Однако мне, уроженке Соединённых штатов из семьи иммигрантов из Эфиопии и Эритреи, лучше всего знакомы слова английского языка. Именно английские грамматические конструкции, которым меня учили в американских школах с намерением искоренить мой иммигрансткий акцент, первым делом приходят мне на ум. Моя школьная программа по литературе состояла в большей мере из произведений белых американских авторов, которые были с английским на «ты» и чьи книги до сих пор входят в список обязательных к прочтению.

Но иногда я всё ещё думаю по-амхарски. Когда мои чувства настолько глубоки, что их едва ли возможно выразить на бумаге, яркий образный амхарский берёт верх над привычным английским.

Когда этой зимой я впервые за 10 лет приехала навестить родных в Эфиопии, мой двоюродный братишка Кидус смотрел на менявосторженными глазами, с сердечным трепетом.Он знал о том, что я писательница – Кидус видел мои статьи в Фейсбуке и прочёл их все до одной. На некоторое время он умолк, а потом вновь взглянул на меня – детское восхищение сменилось чувством вины. Приглушённым голосом он сказал, что в моих работах ему многое было непонятно. Для меня это прозвучало как лёгкий упрёк: ты пишешь на английском; твои статьи мне не по зубам.

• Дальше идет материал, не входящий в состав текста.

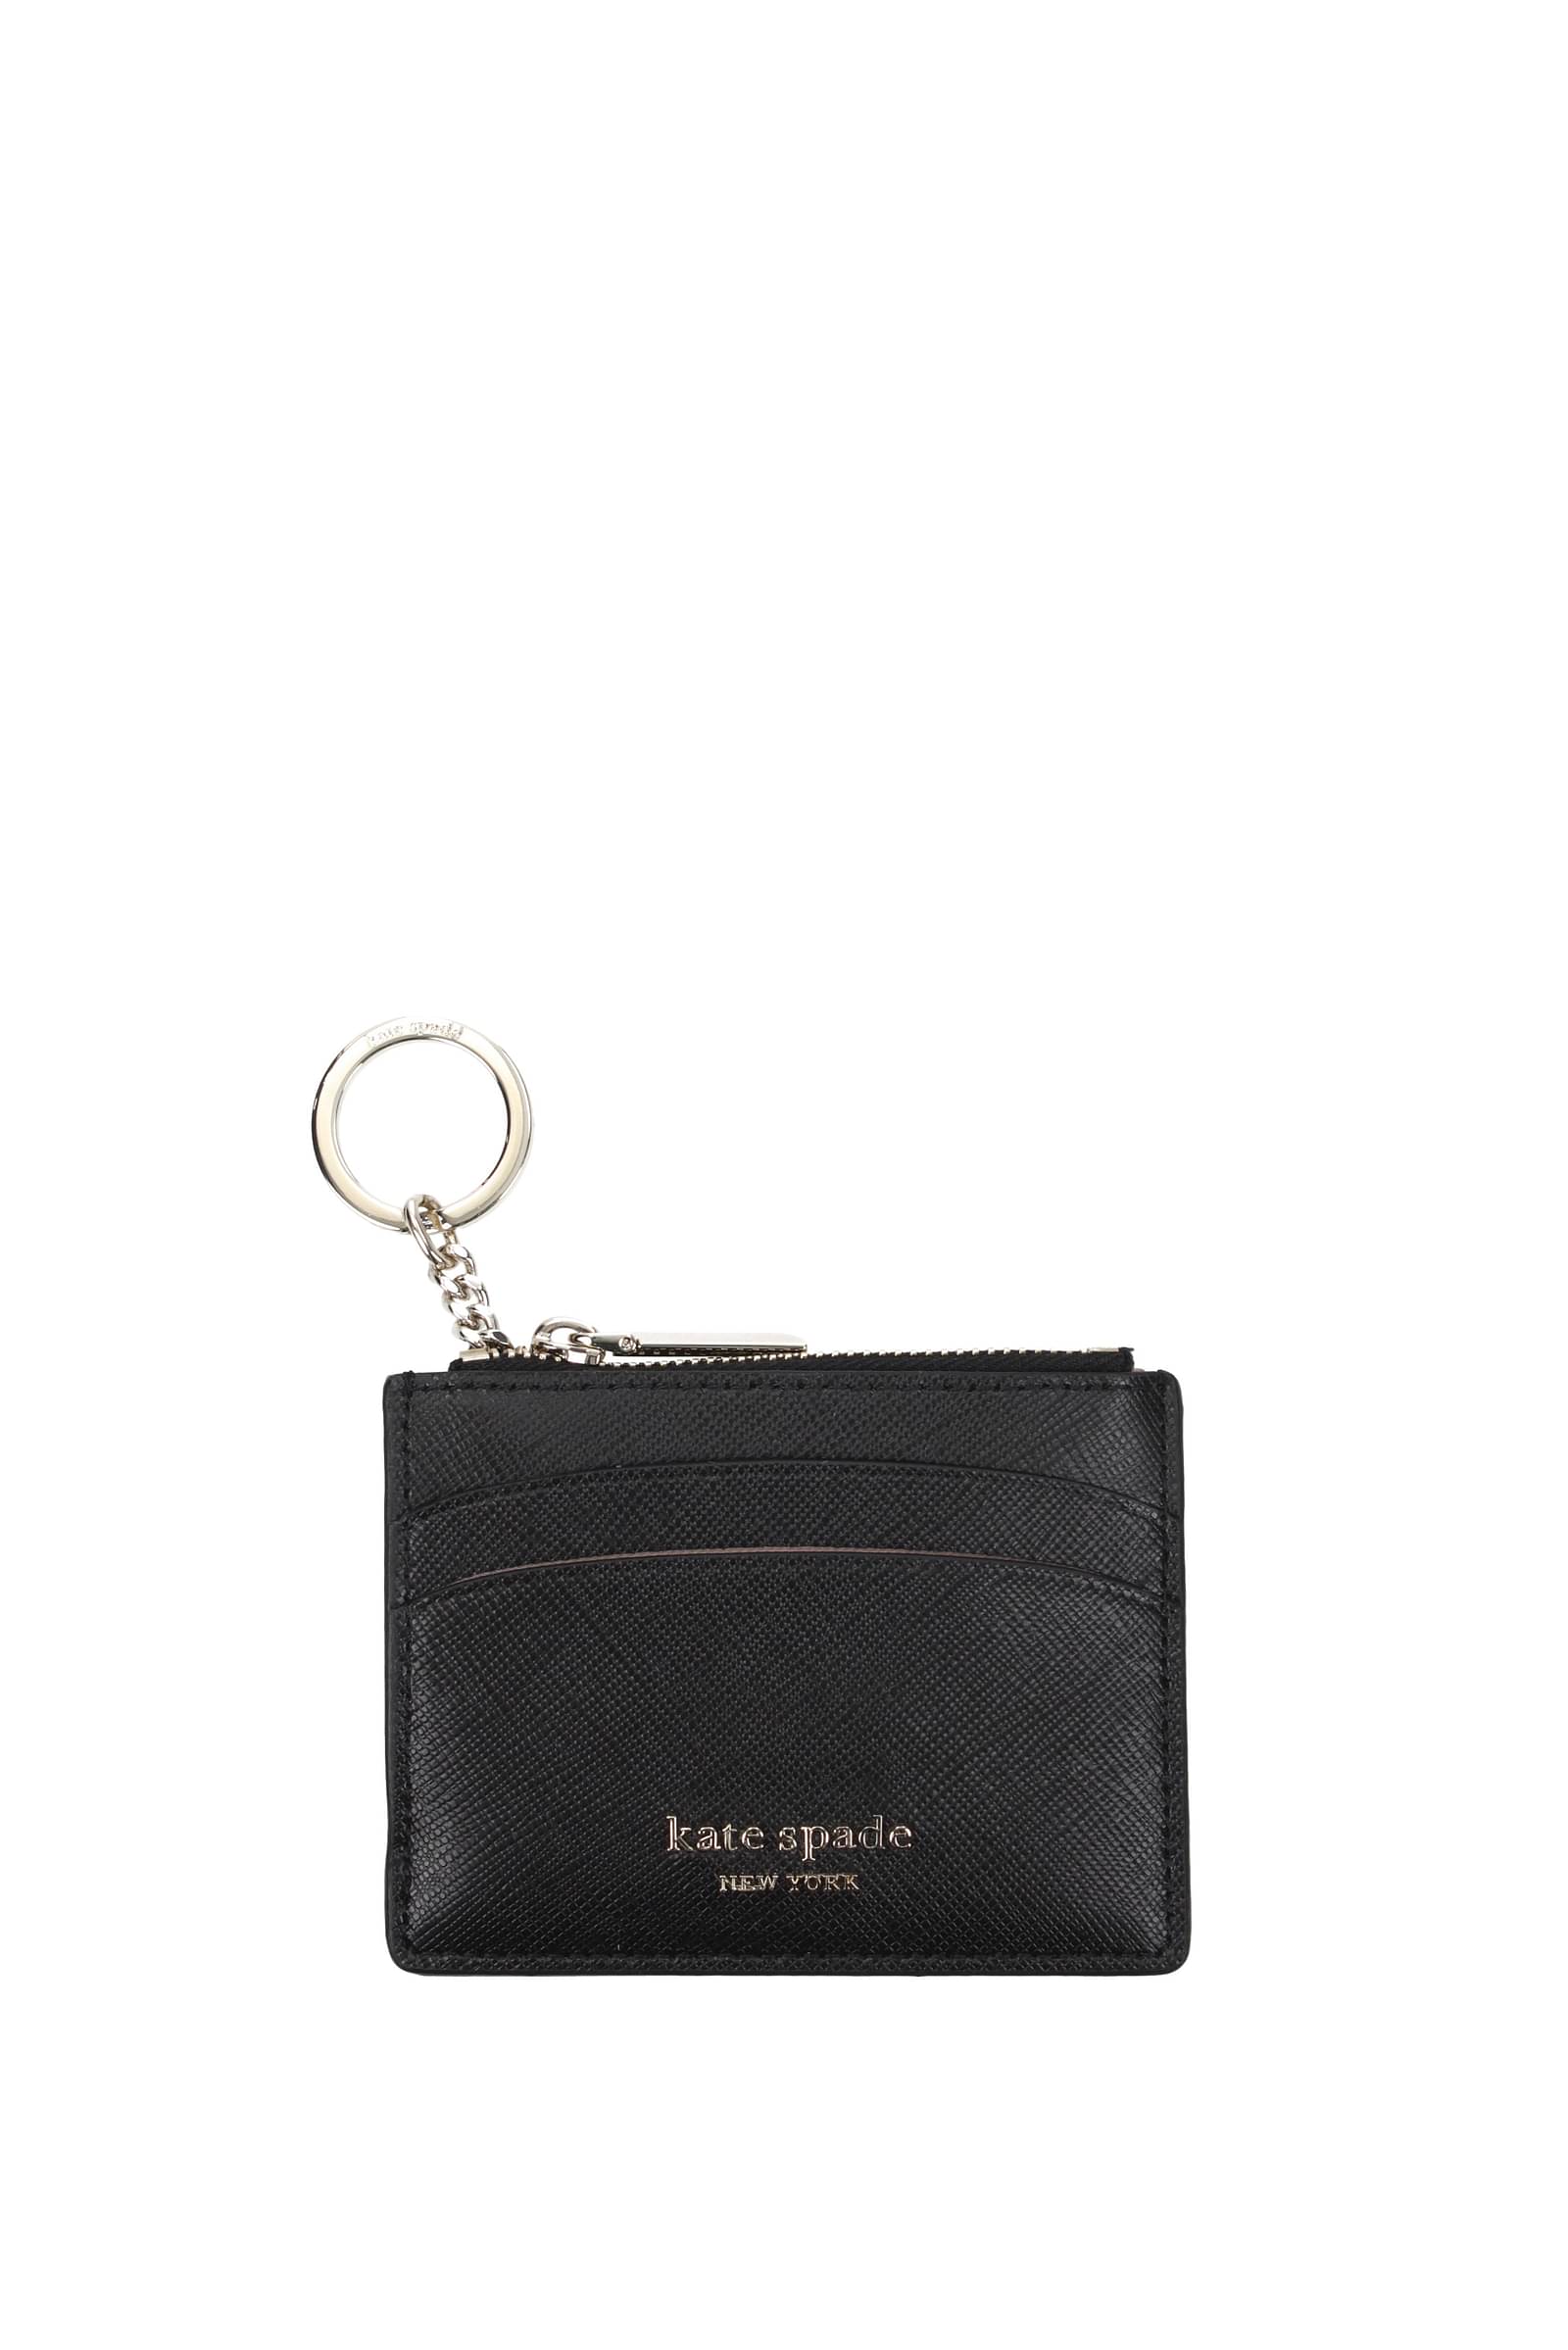 Designer Deal of the Day on Women's Accessories | Kate Spade Outlet

Для писателя диаспоры очень непросто выбрать язык для своих произведений. Так, судано-американская поэтесса Сафия Эльхильо называет себя «языковой отступницей», потому что сочиняет не на арабском, а на английском. Американский писатель Густаво Перес Фирмат, кубинец по происхождению, творит как на английском, так и на испанском. В своём интервью НПР (Национальному публичному радио) Густаво признался: «Мне кажется, что ни на одном языке я не говорю свободно… Слова подводят меня то тут, то там».

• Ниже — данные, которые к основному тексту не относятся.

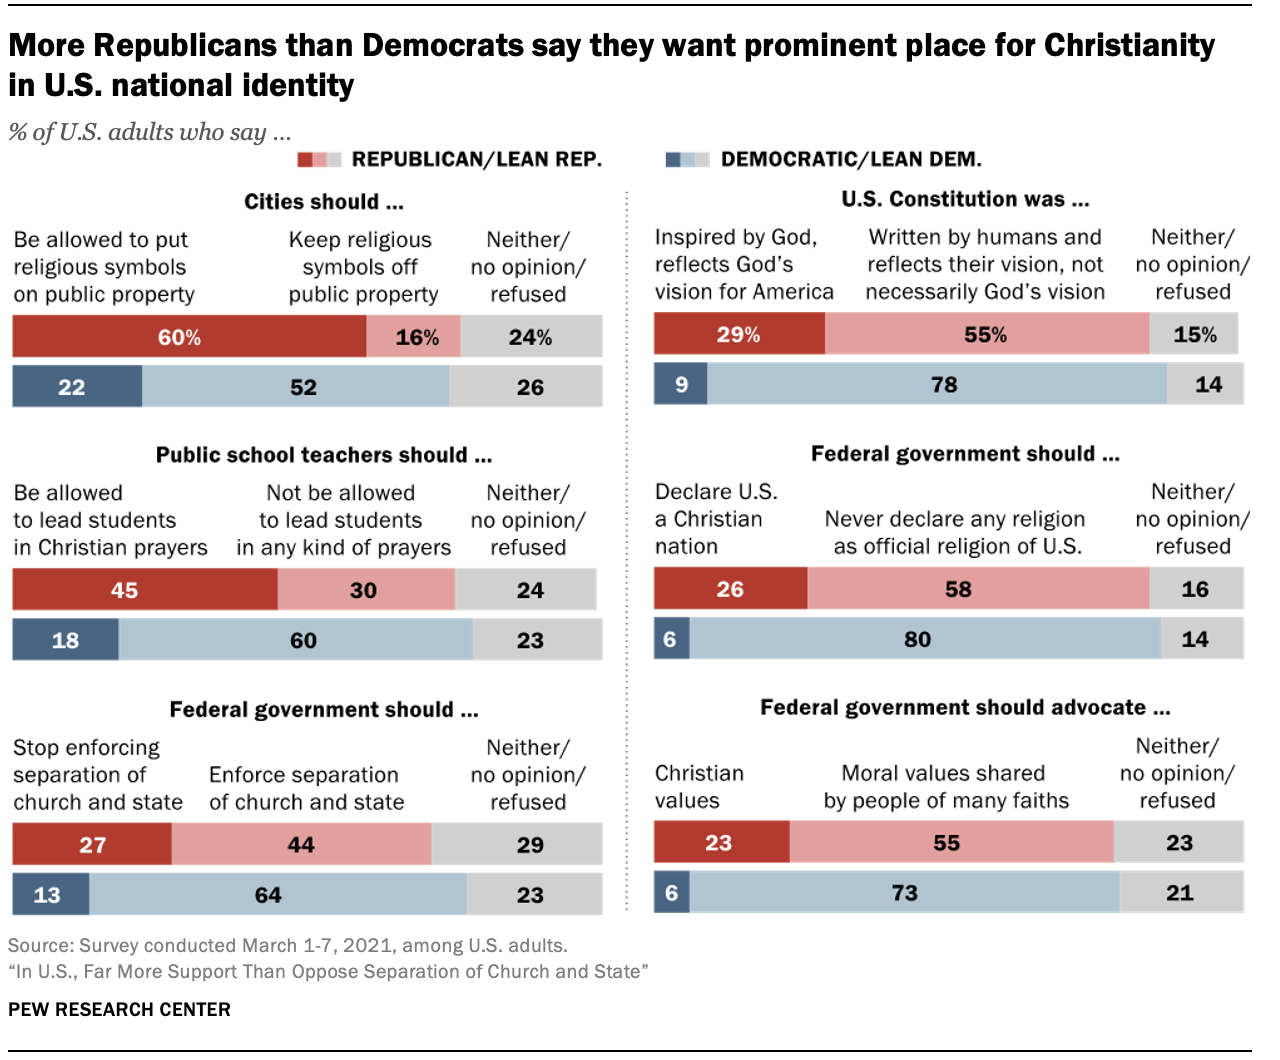 More Republicans than Democrats say they want prominent place for Christianity in U.S. national identity

Я наткнулась на сборник стихов Густаво Переса 1995 года под названием «Трудности двуязычия» спустя 10 лет с момента выпуска книги. В то время я училась в старшей школе и была одержима литературой, но моя любовь к поэзии тогда только начиналась. В глубоких размышлениях кубинского иммигранта я увидела отражение собственных переживаний:

То, что я пишу на английском

Изначально делает невозможным

То, что я хочу донести до вас.

Я не считаю английский

Языком своего общения.

Однако, я не принадлежу ничему,

Кроме англоязычного мира.

На самом деле, я до сих пор задаюсь вопросом, на каком языке у меня точнее получается выражать свои мысли. Говоря на английском, я чувствую себя как рыба в воде. Но это не тот язык, к которому лежит моя душа. Амхарский язык ближе моему сердцу. Когда я на нём говорю, с моего языка сходят такие сладостные и тягучие слова...

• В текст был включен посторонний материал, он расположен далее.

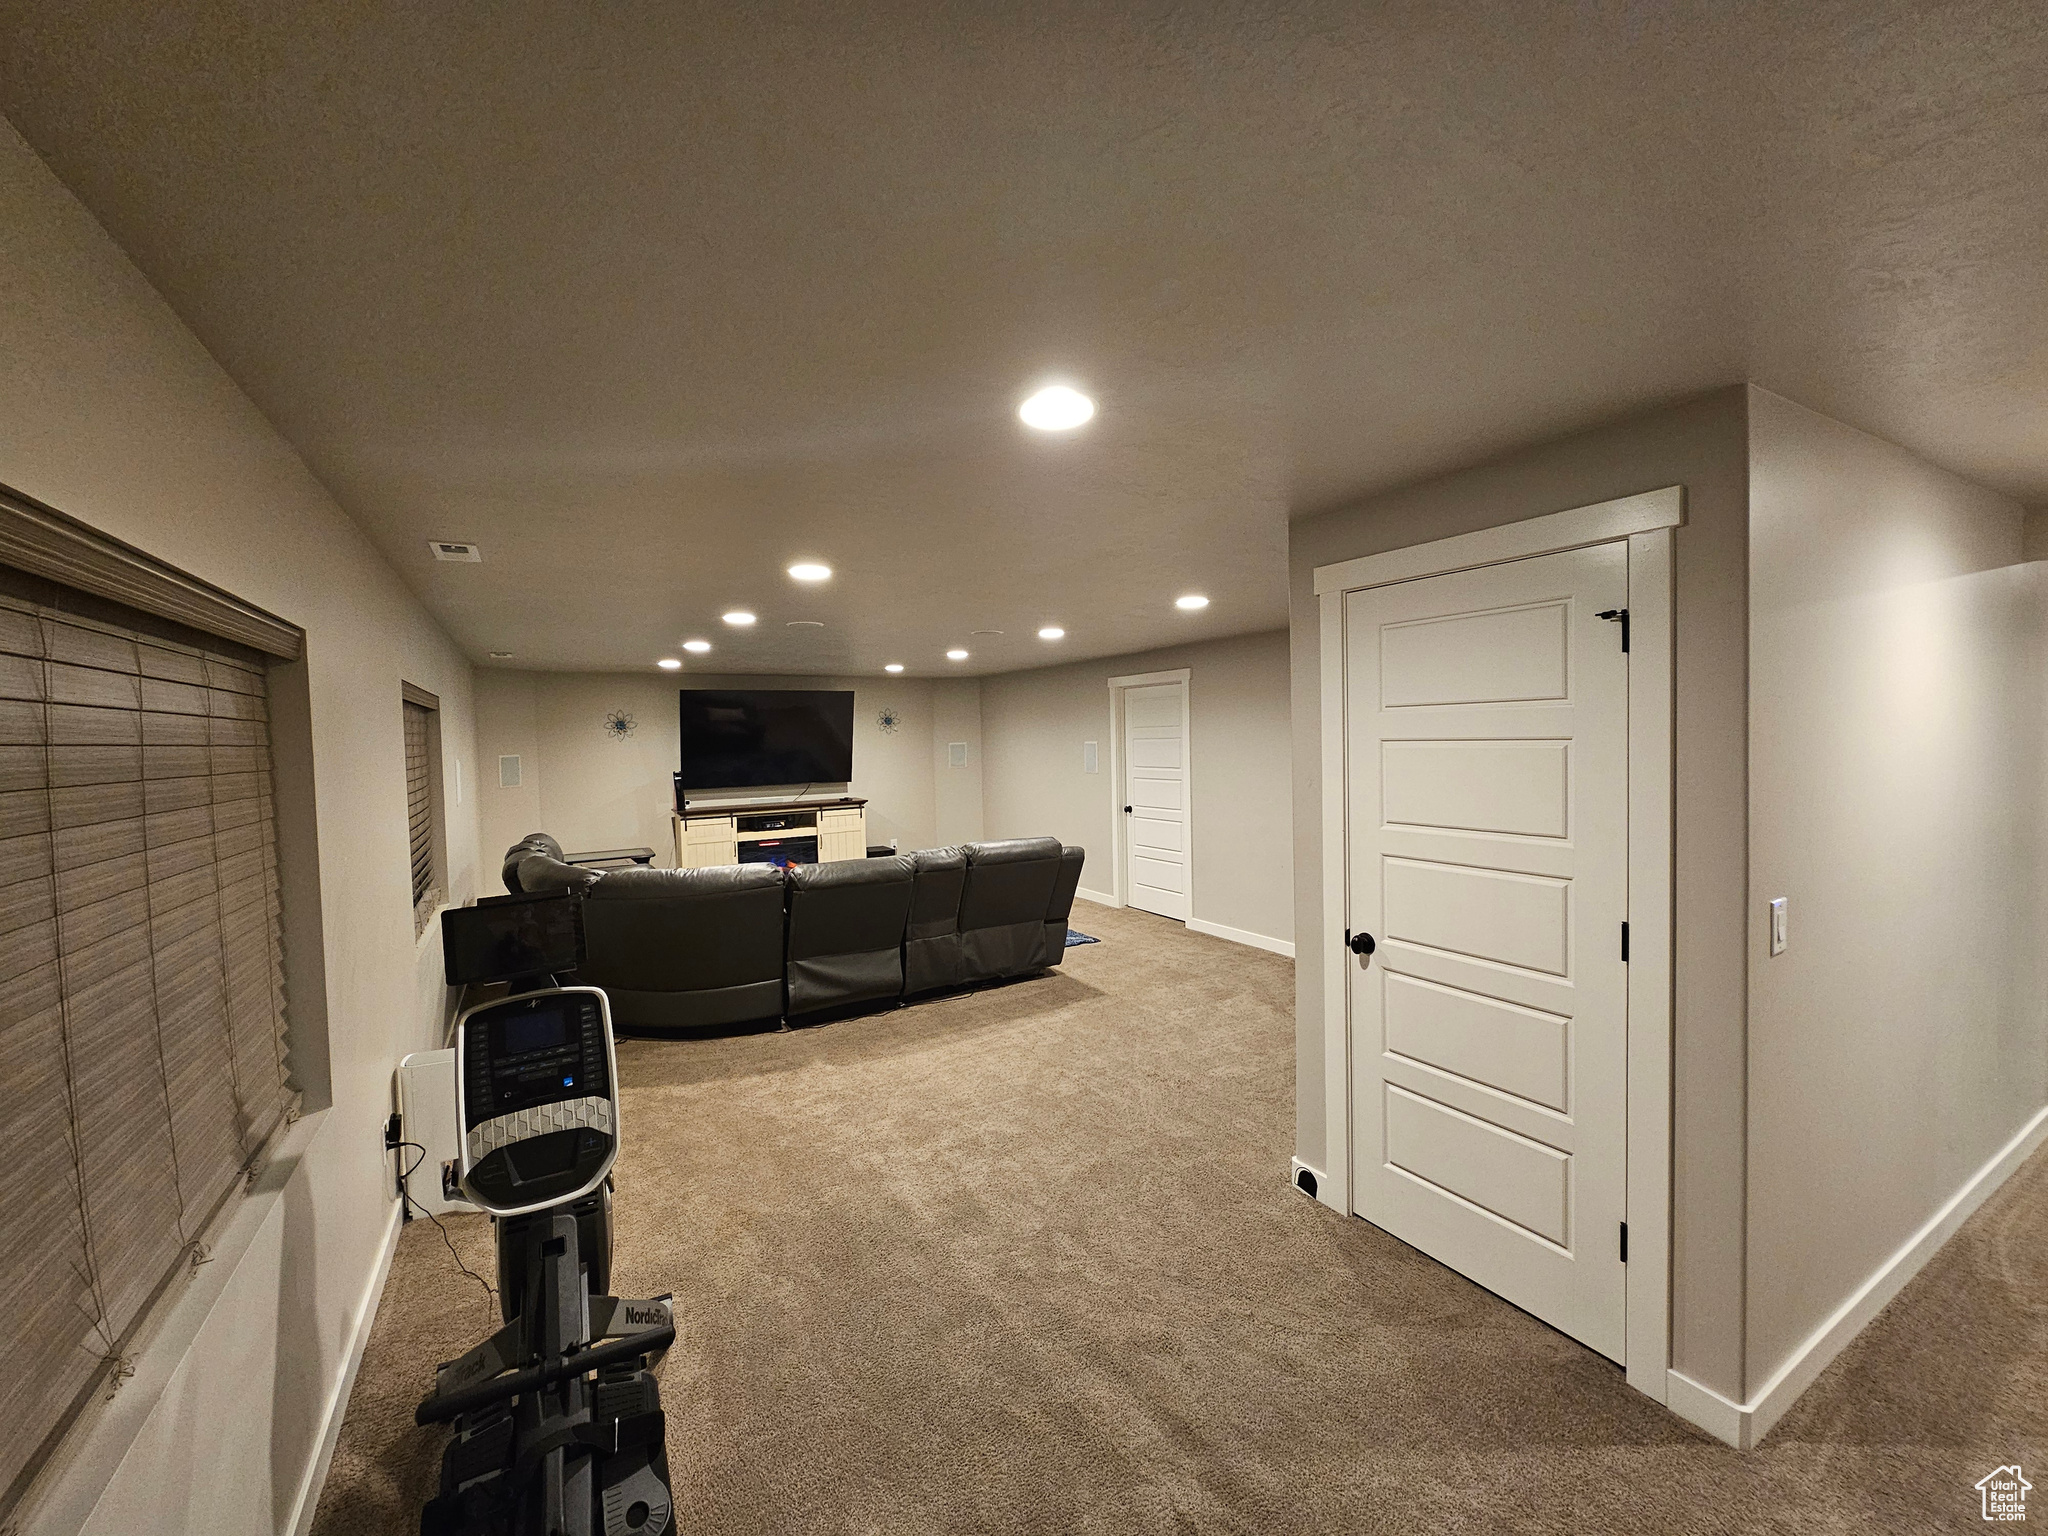 Entrance to family room at the bottom of the stairs

К сожалению, я разучилась и читать, и писать на родном языке. Складывается впечатление, что амхарский алфавит висит над моей кроватью лишь для красоты. Тигринья, государственный язык Эритреи, представляет для меня ещё бо̒льшую трудность. Даже моя мать, чьи предки населяли Тыграй (регион Эфиопии, граничащий с Эритреей на севере), толком не говорит на этом языке.

Каждый раз, когда я пытаюсь связать язык, время и пространство в единый клубок, я как будто стою на распутье. Поэтому я восхищаюсь поэтами и прозаиками, которым удаётся раскрыть все грани своего таланта на любой чужбине и выплеснуть на бумагу богатую палитру своих чувств на любом известном им языке.

Мне известны африканские писатели, которые искажали язык метрополии с целью критики общественного строя страны-колонизатора. Также мне известны латиноамериканские авторы, вроде Хунота Диаса, которые намеренно не выделяли курсивом испанские слова в своих англоязычных произведениях. Эти и многие другие писатели-иммигранты, которые смогли раздвинуть языковые рамки в своём творчестве, служат мне ролевой моделью.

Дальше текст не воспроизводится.